Stored data:
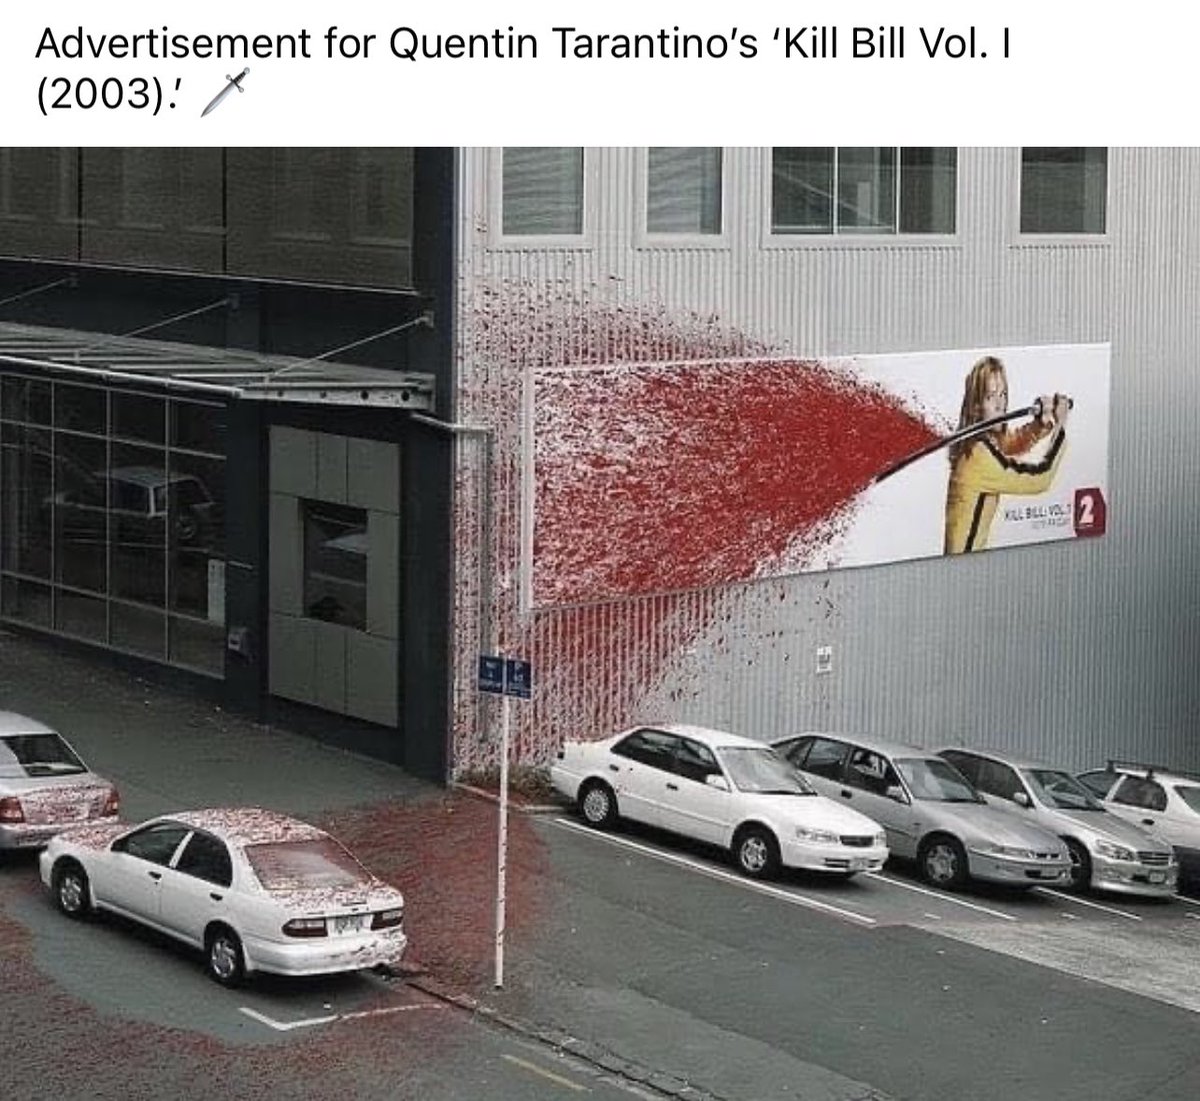 Ads like this 😎

#quentintarantino #killbill #killbillvol1 #umathurman #umathurmanfilms #tarantinofilms #indiefilm #filmfest
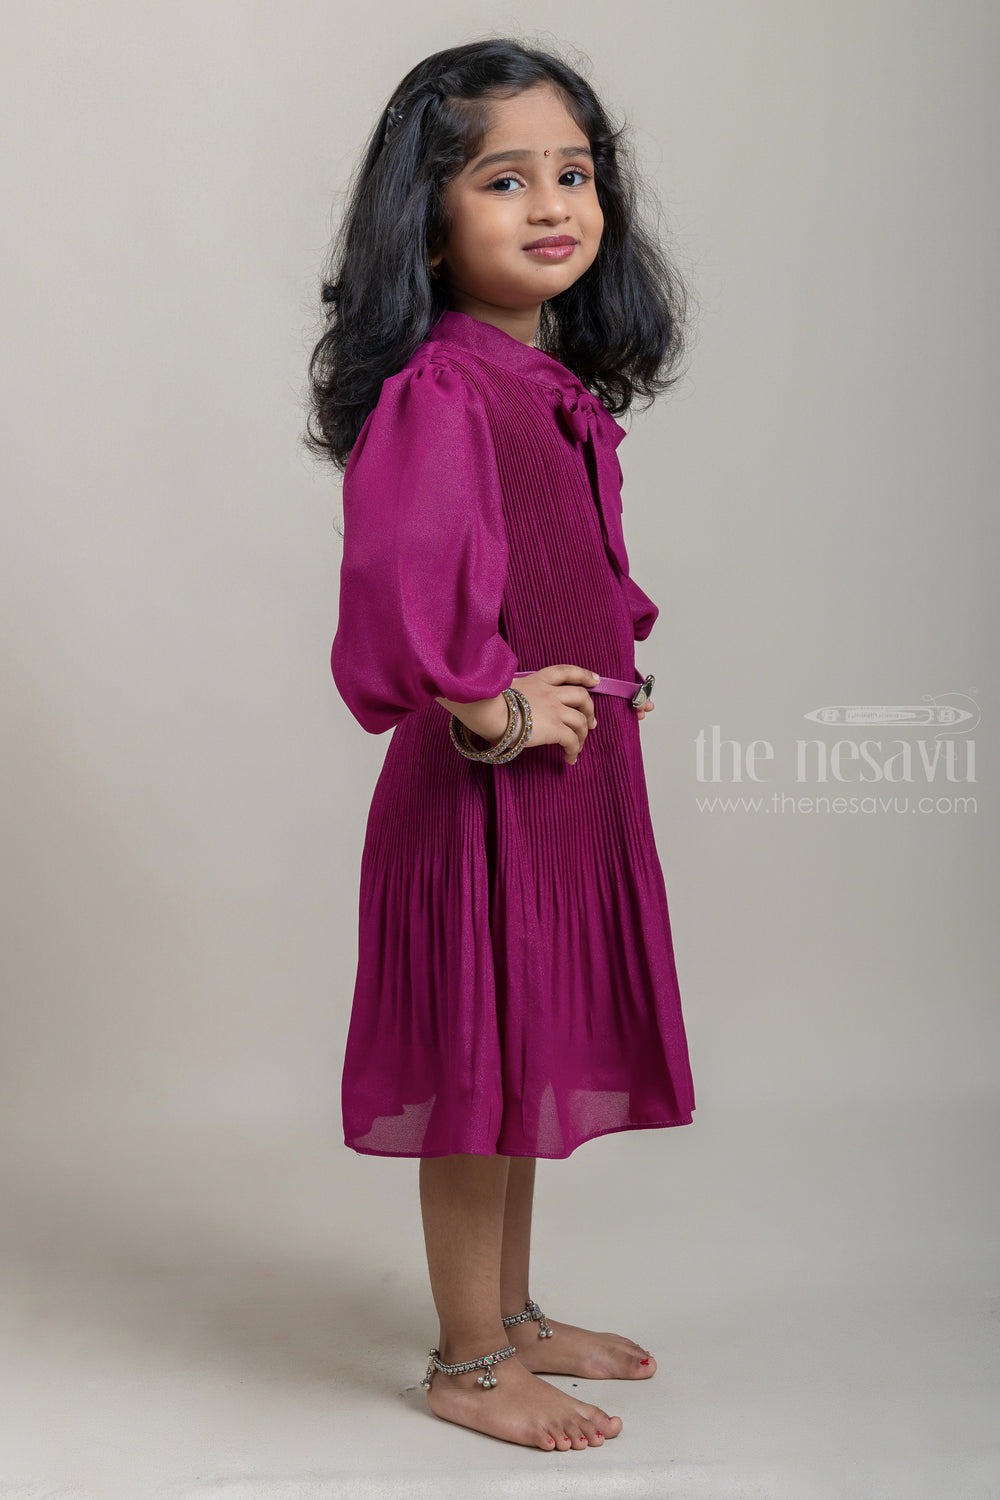 The Nesavu Frocks & Dresses Small Pleated Purple Frock with Balloon Sleeves for Baby Girls psr silks Nesavu

Exercise details:
Return, exactly as they stand, all of the lines above, but not the pictures.

Task answer:
 Ads like this 😎

#quentintarantino #killbill #killbillvol1 #umathurman #umathurmanfilms #tarantinofilms #indiefilm #filmfest
 The Nesavu Frocks & Dresses Small Pleated Purple Frock with Balloon Sleeves for Baby Girls psr silks Nesavu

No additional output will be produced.